RECURSO DE REVISTA EM FACE DE DECISÃO PUBLICADA ANTES DA VIGÊNCIA DA LEI Nº 13.015/2014. CUMULAÇÃO DOS ADICIONAIS DE INSALUBRIDADE E PERICULOSIDADE. POSSIBILIDADE. PREVALÊNCIA DAS NORMAS CONSTITUCIONAIS E SUPRALEGAIS SOBRE A CLT. JURISPRUDÊNCIA CONSOLIDADA DO STF QUANTO AO EFEITO PARALISANTE DAS NORMAS INTERNAS EM DESCOMPASSO COM OS TRATADOS INTERNACIONAIS DE DIREITOS HUMANOS. INCOMPATIBILIDADE MATERIAL. CONVENÇÕES NOS 148 E 155 DA OIT. NORMAS DE DIREITO SOCIAL. CONTROLE DE CONVENCIONALIDADE. NOVA FORMA DE VERIFICAÇÃO DE COMPATIBILIDADE DAS NORMAS INTEGRANTES DO ORDENAMENTO JURÍDICO. A previsão contida no artigo 193, § 2º, da CLT não foi recepcionada pela Constituição Federal de 1988, que, em seu artigo , XXIII, garantiu de forma plena o direito ao recebimento dos adicionais de penosidade, insalubridade e periculosidade, sem qualquer ressalva no que tange à cumulação, ainda que tenha remetido sua regulação à lei ordinária. A possibilidade da aludida cumulação se justifica em virtude de os fatos geradores dos direitos serem diversos. Não se há de falar em bis in idem. No caso da insalubridade, o bem tutelado é a saúde do obreiro, haja vista as condições nocivas presentes no meio ambiente de trabalho; já a periculosidade traduz situação de perigo iminente que, uma vez ocorrida, pode ceifar a vida do trabalhador, sendo este o bem a que se visa proteger. A regulamentação complementar prevista no citado preceito da Lei Maior deve se pautar pelos princípios e valores insculpidos no texto constitucional, como forma de alcançar, efetivamente, a finalidade da norma. Outro fator que sustenta a inaplicabilidade do preceito celetista é a introdução no sistema jurídico interno das Convenções Internacionais nos 148 e 155, com status de norma materialmente constitucional ou, pelo menos, supralegal, como decidido pelo STF. A primeira consagra a necessidade de atualização constante da legislação sobre as condições nocivas de trabalho e a segunda determina que sejam levados em conta os "riscos para a saúde decorrentes da exposição simultânea a diversas substâncias ou agentes". Nesse contexto, não há mais espaço para a aplicação do artigo 193, § 2º, da CLT. Recurso de revista de que se conhece e a que se nega provimento.

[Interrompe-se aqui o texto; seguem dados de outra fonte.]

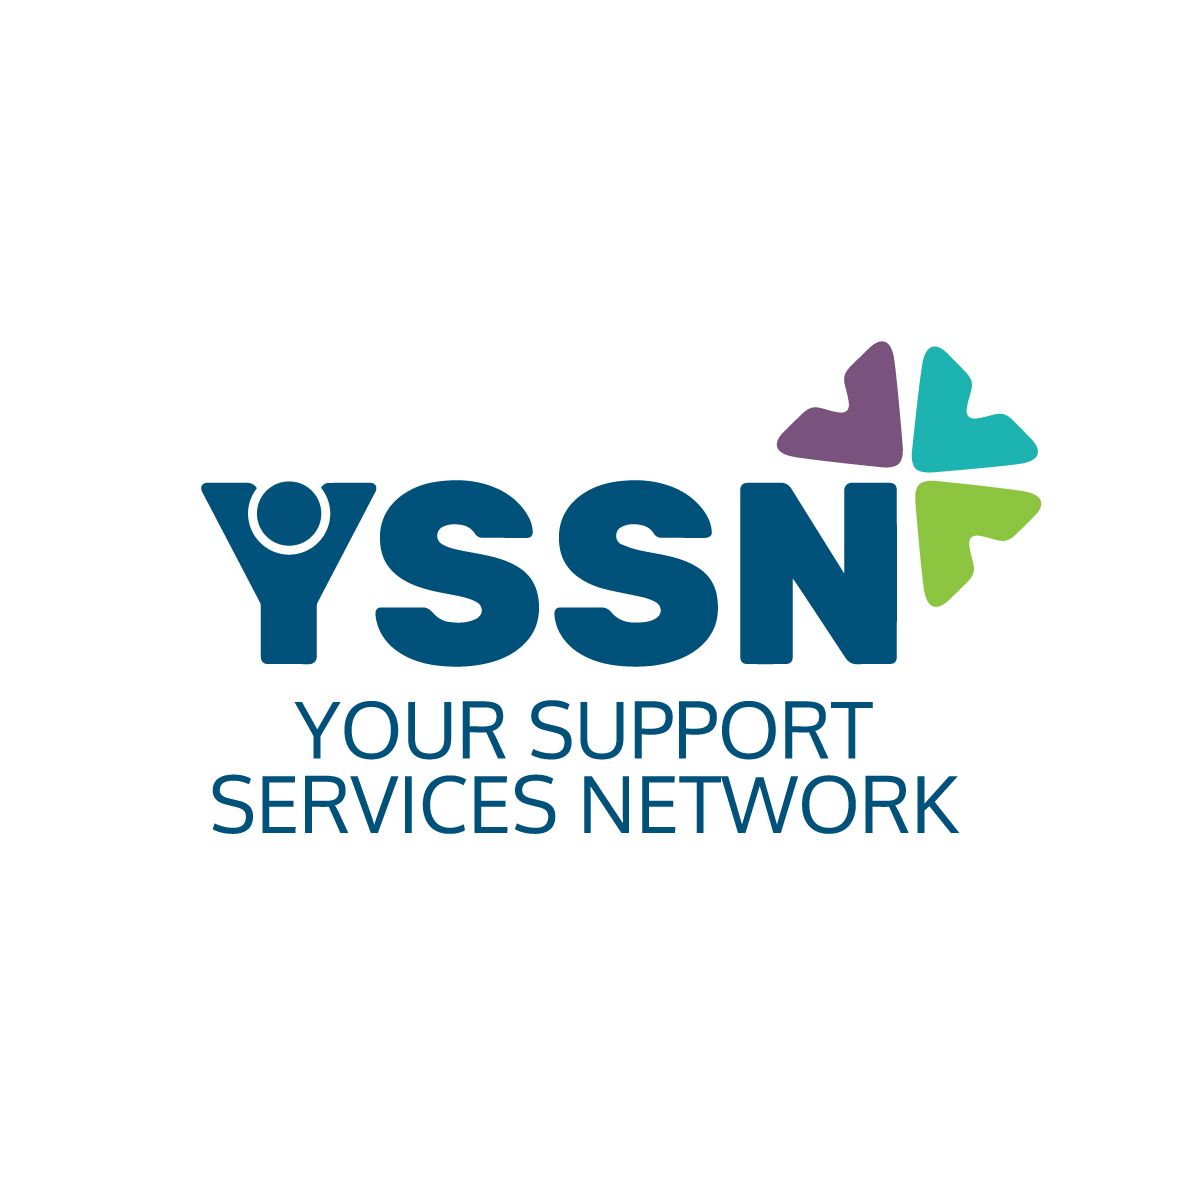 Organization logo of York Support Services Network

(TST - RR: 18718720135120022, Relator: Cláudio Mascarenhas Brandão, Data de Julgamento: 12/08/2015, 7ª Turma, Data de Publicação: DEJT 14/08/2015)

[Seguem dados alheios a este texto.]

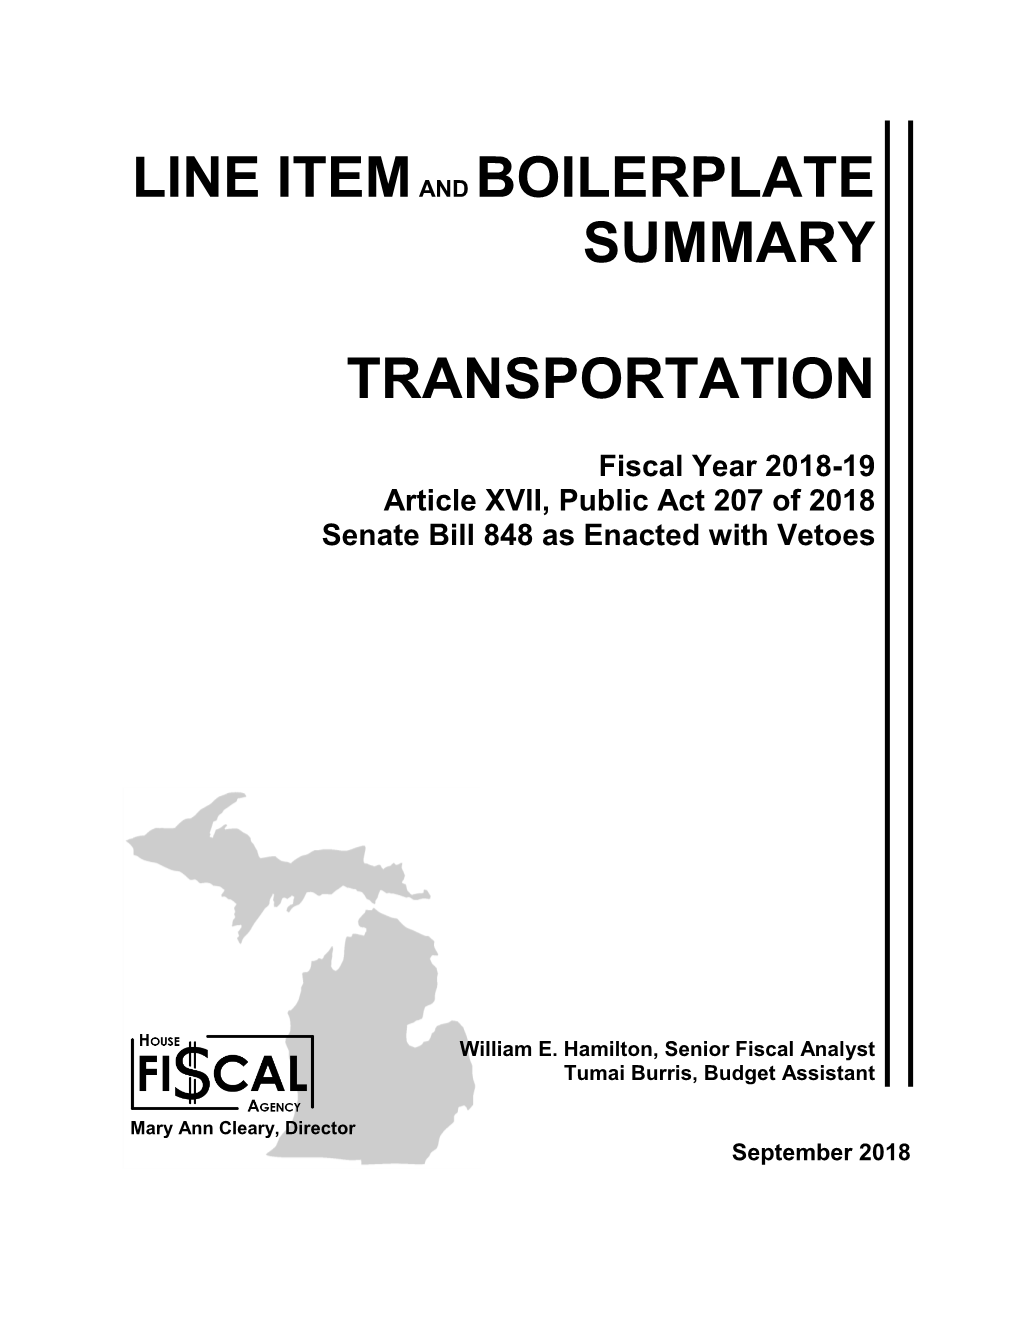 Line Item and Boilerplate Summary: Transportation

RECURSO DE REVISTA - ADICIONAL DE INSALUBRIDADE -ADICIONAL DE PERICULOSIDADE - CUMULAÇÃO -POSSIBILIDADE - PREVALÊNCIA DAS NORMAS CONSTITUCIONAIS E SUPRALEGAIS SOBRE A CLT -JURISPRUDÊNCIA DO STF - OBSERVÂNCIA DAS CONVENÇÕES NºS 148 E 155 DA OIT. No julgamento do RR-1072

- 72.2011.5.02.0384, de relatoria do Min. Cláudio Mascarenhas Brandão, esta Turma firmou entendimento de que a norma contida no art. 193, § 2º, da CLT não foi recepcionada pela Constituição Federal, que, em seu art. , XXIII, garantiu o direito dos trabalhadores ao percebimento dos adicionais de insalubridade e de periculosidade, sem ressalva acerca da cumulação. A possibilidade de recebimento cumulado dos mencionados adicionais se justifica em face de os fatos geradores dos direitos serem diversos. Além disso, a inclusão no sistema jurídico interno das Convenções Internacionais nºs 148 e 155, com a qualidade de normas materialmente constitucionais ou supralegais, como decidido pelo STF, determina a atualização contínua da legislação acerca das condições nocivas de labor e a consideração dos riscos para a saúde do trabalhador oriundos da exposição simultânea a várias substâncias insalubres e agentes perigosos. Assim, não se aplica mais a mencionada norma da CLT, sendo possível o pagamento conjunto dos adicionais de insalubridade e de periculosidade. Recurso de revista desprovido.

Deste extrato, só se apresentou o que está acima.